Unfortunately, Georgia’s Aged, Blind and Disabled Medically Needy Program does not assist one in spending down extra assets for Medicaid qualification. Said another way, if one meets the income requirements for Medicaid eligibility, but not the asset requirement, the above program cannot assist one in “spending down” extra assets. However, one can “spend down” assets by spending excess assets on non-countable assets, such as vehicle and home modifications (wheelchair ramps, roll in showers, and stair lifts), home repair (upgrading plumbing and replacing the roof), and paying off debt.
2) Medicaid Planning – the majority of persons considering Medicaid are “over-income” or “over-asset” or both, but still cannot afford their cost of care. For persons in this situation, Medicaid planning exists. By working with a Medicaid planning professional, families can employ a variety of strategies to help them become Medicaid eligible. Read more or connect with a Medicaid planner.
Specific Georgia Medicaid Programs
In addition to paying for nursing home care, Medicaid in Georgia offers two programs relevant to the elderly that helps them to remain living in their homes or in assisted living residences.

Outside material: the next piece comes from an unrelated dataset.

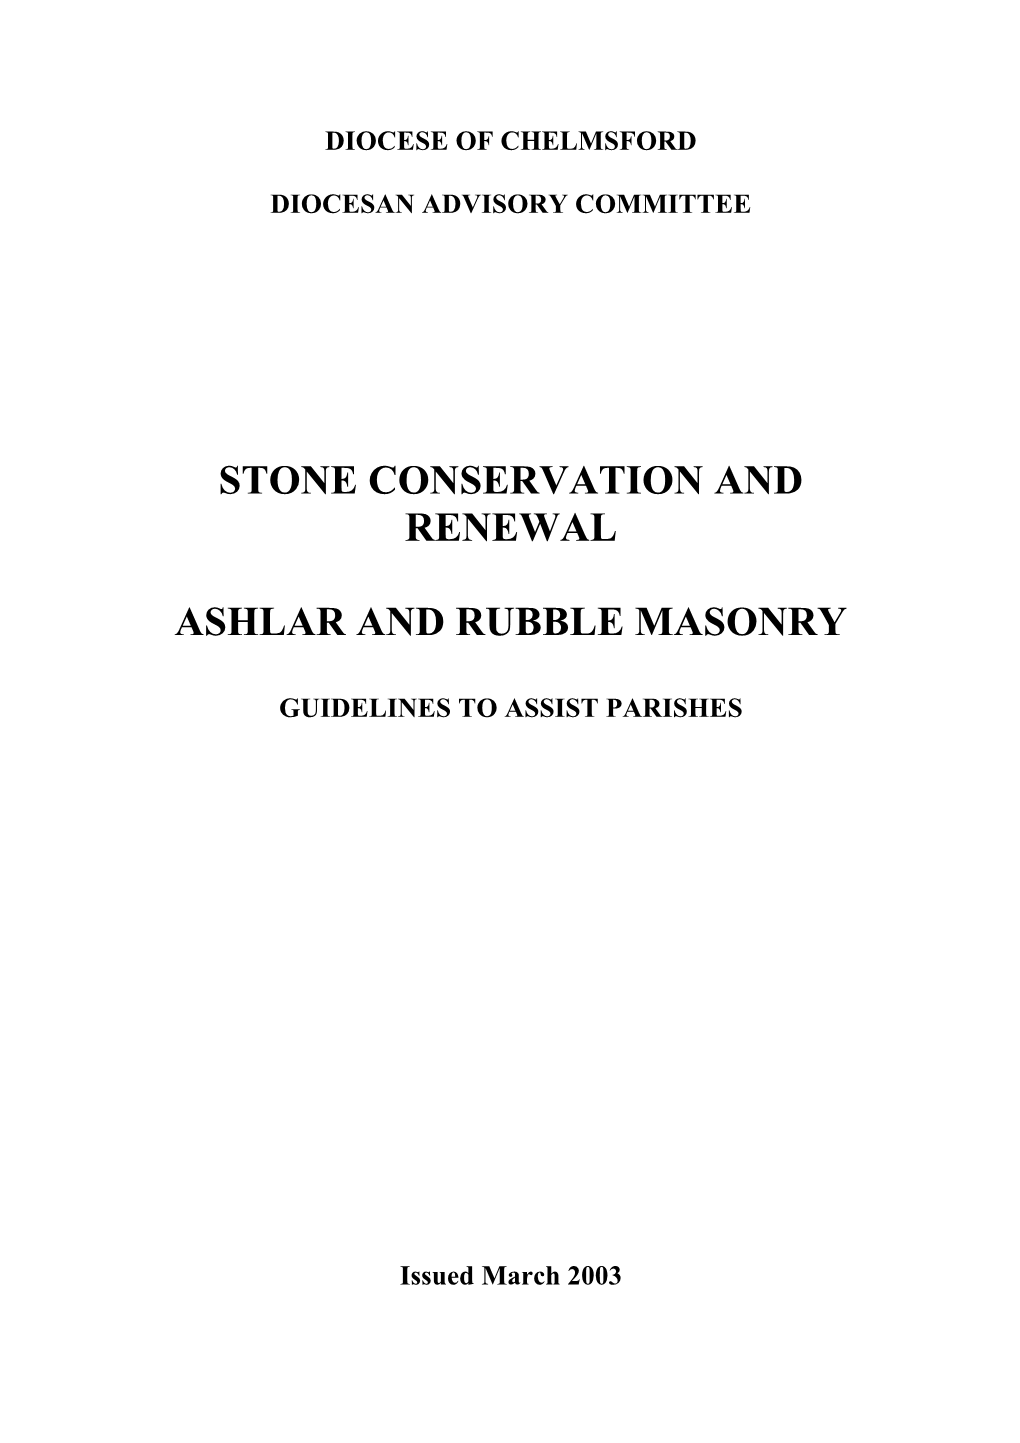 Ashlar and Rubble Masonry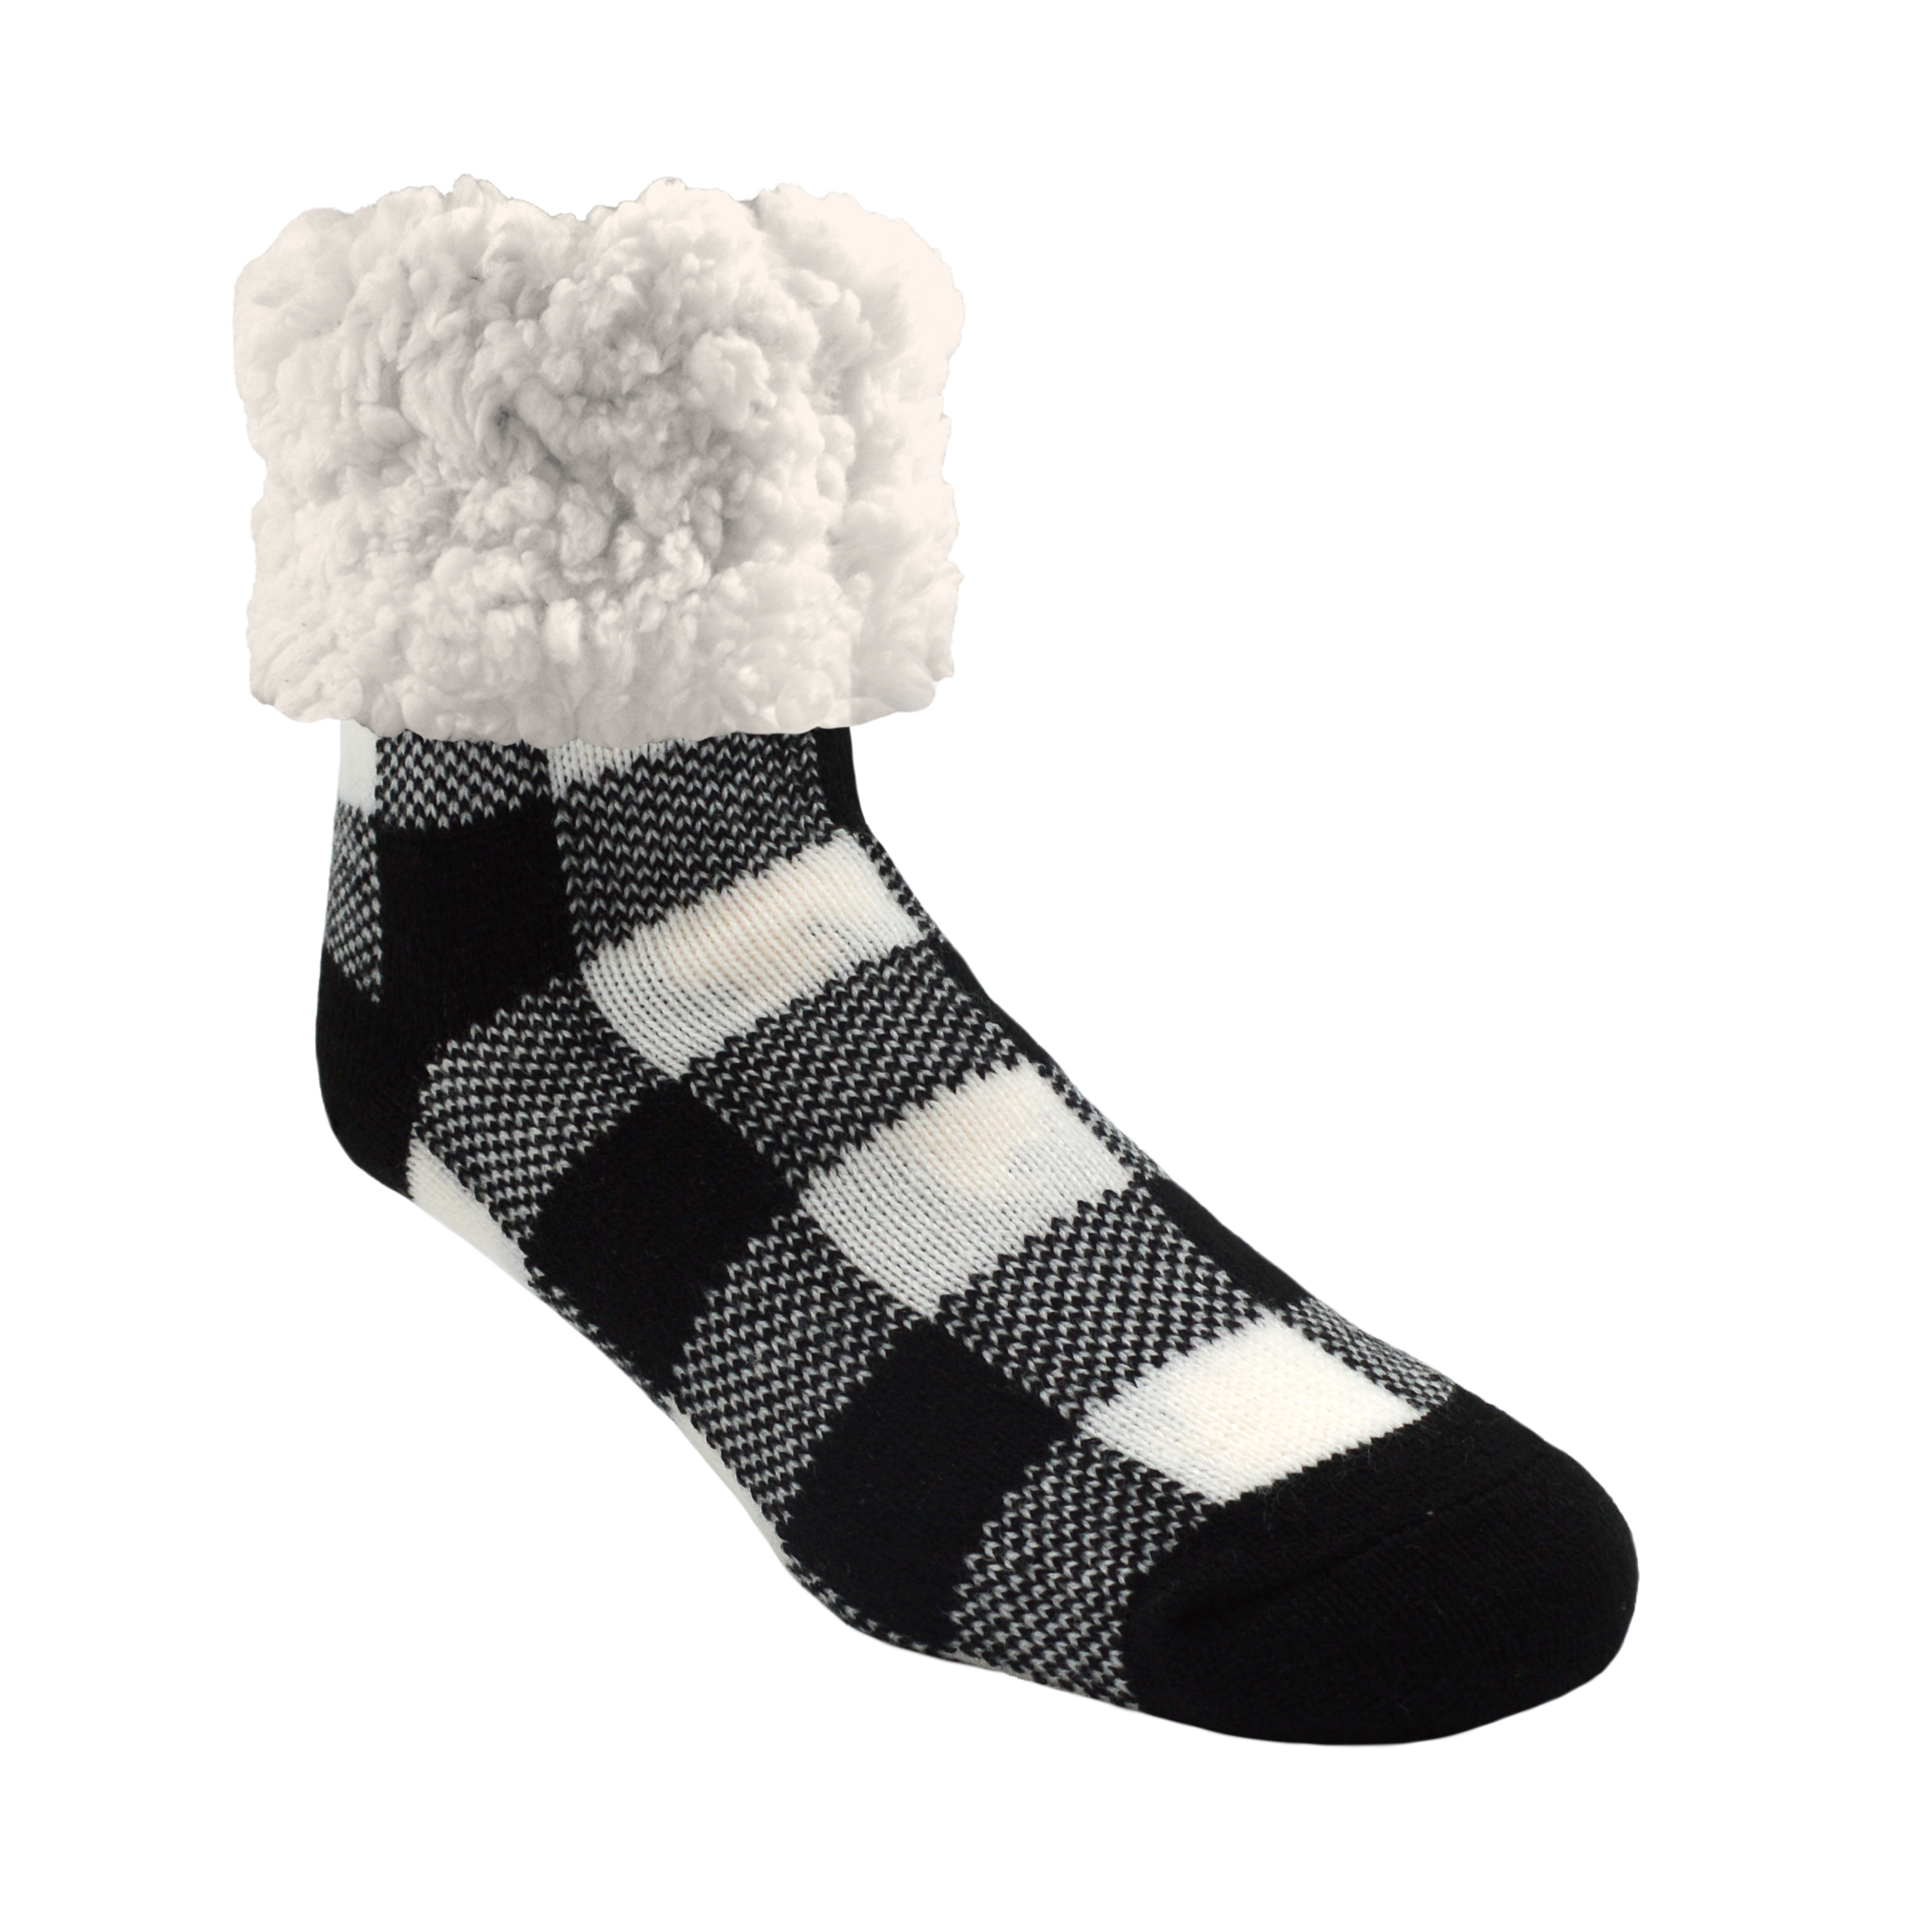 White Lumberjack - Large Size Pudus Slipper Socks

1) Community Care Services Program Waiver (CCSP) – This waiver offers support for seniors in a variety of locations including at home, in assisted living and adult day care. It also allows for consumer direction of services, meaning participants can choose some of their own care providers.
2) Service Options Using Resources in a Community Environment (SOURCE) Waiver – SOURCE is very similar in the benefits provided to CCSP. However, it does not allow for consumer direction.